Netpol plans to contact a wide range of campaigning organisations with the aim of turning the material gathered into a new Charter for Freedom of Assembly Rights.

www.netpol.org

Execution

Declassified UK has discovered that British intelligence agency MI6 has supported a covert Kenyan paramilitary team responsible for a series of extrajudicial killings in the mostly Muslim coastal region.

According to their investigation, MI6 has played ‘a key role in identifying suspects for a “kill or capture” list and finding and fixing their location.’

‘When these extrajudicial killings happen, Muslims feel they are under siege because they cannot comprehend why the government cannot arrest these people and take them to court, instead of killing them’, the chair of Kenyan human rights organisation Muhuri said.

www.tinyurl.com/peacenews3425

Banishment

The Council of Europe has issued a media freedom alert after the ministry of defence (MoD) barred the media outlet Declassified UK, which investigates the British military and its intelligence agencies.

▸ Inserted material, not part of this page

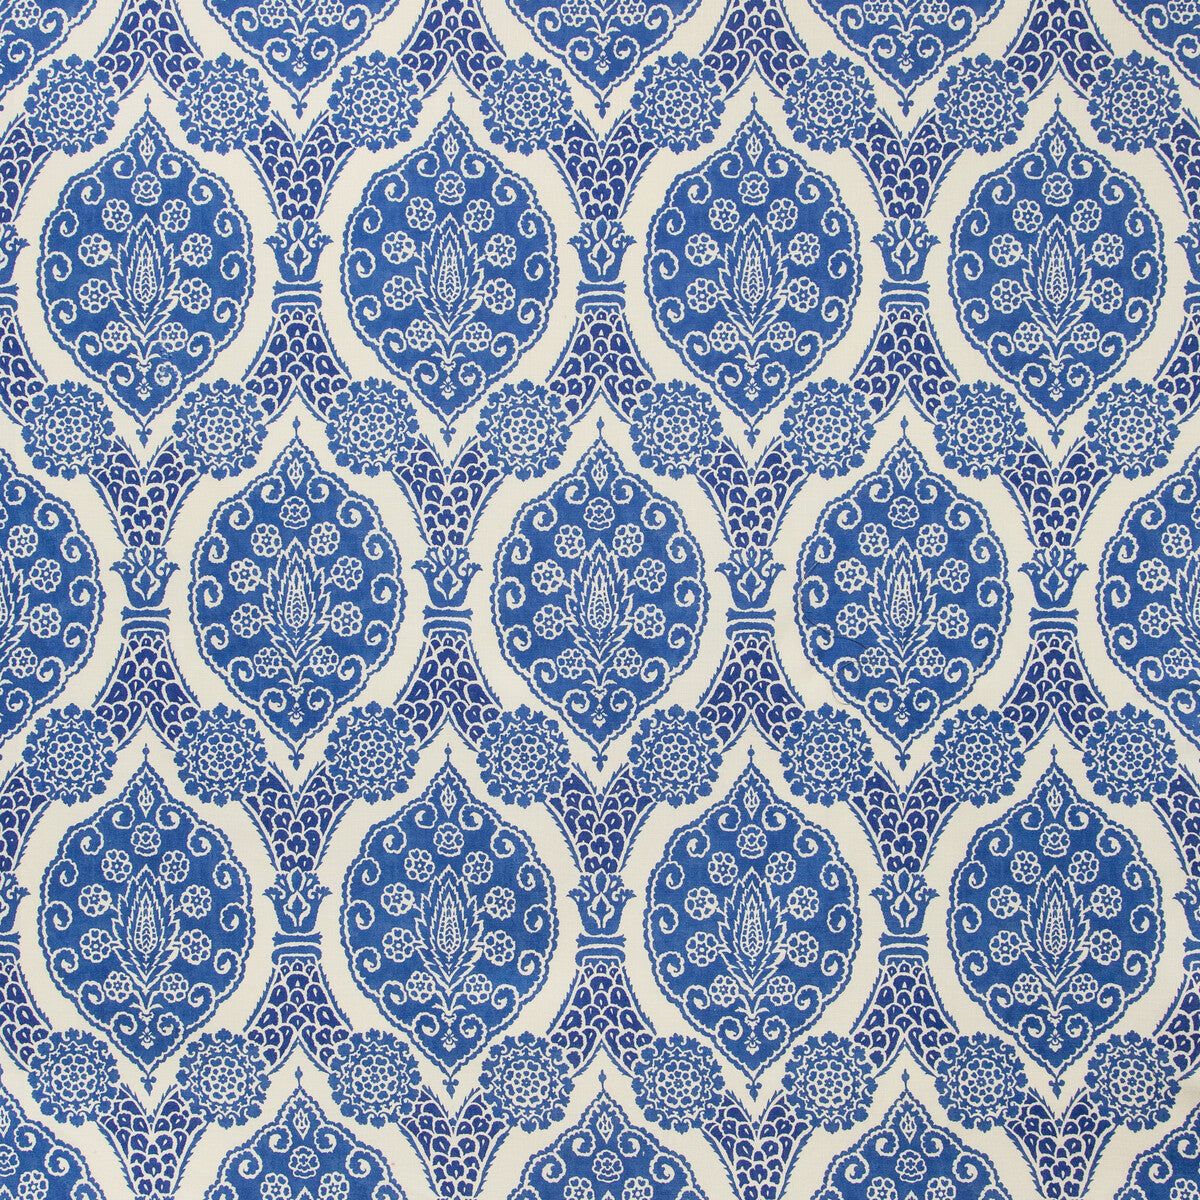 Sufera Print fabric in blue color - pattern 8020103.55.0 - by Brunschwig &amp; Fils in the Grand Bazaar collection

On 25 August, a journalist for the website contacted the MoD for comment about the arrest of Ahmed al Babati (see here).

The journalist was first asked ‘what sort of angle’ Declassified UK had taken on Yemen. He was later told that the MoD was ‘no longer deal[ing] with your publication’.

Prevention

On 24 August, Extinction Rebellion (XR) co-founder Roger Hallam and four other members of Beyond Politics/Burning Pink (BP), a breakaway group from XR, were arrested and charged with conspiracy to commit public nuisance and criminal damage.

The five were remanded in custody until a court hearing on 22 September (when at least two of them were released) which meant they were in prison during the XR September Rebellion.

BP claims that the five were arrested because a Green Party member infiltrated a Zoom planning session and handed a recording of the meeting to the police.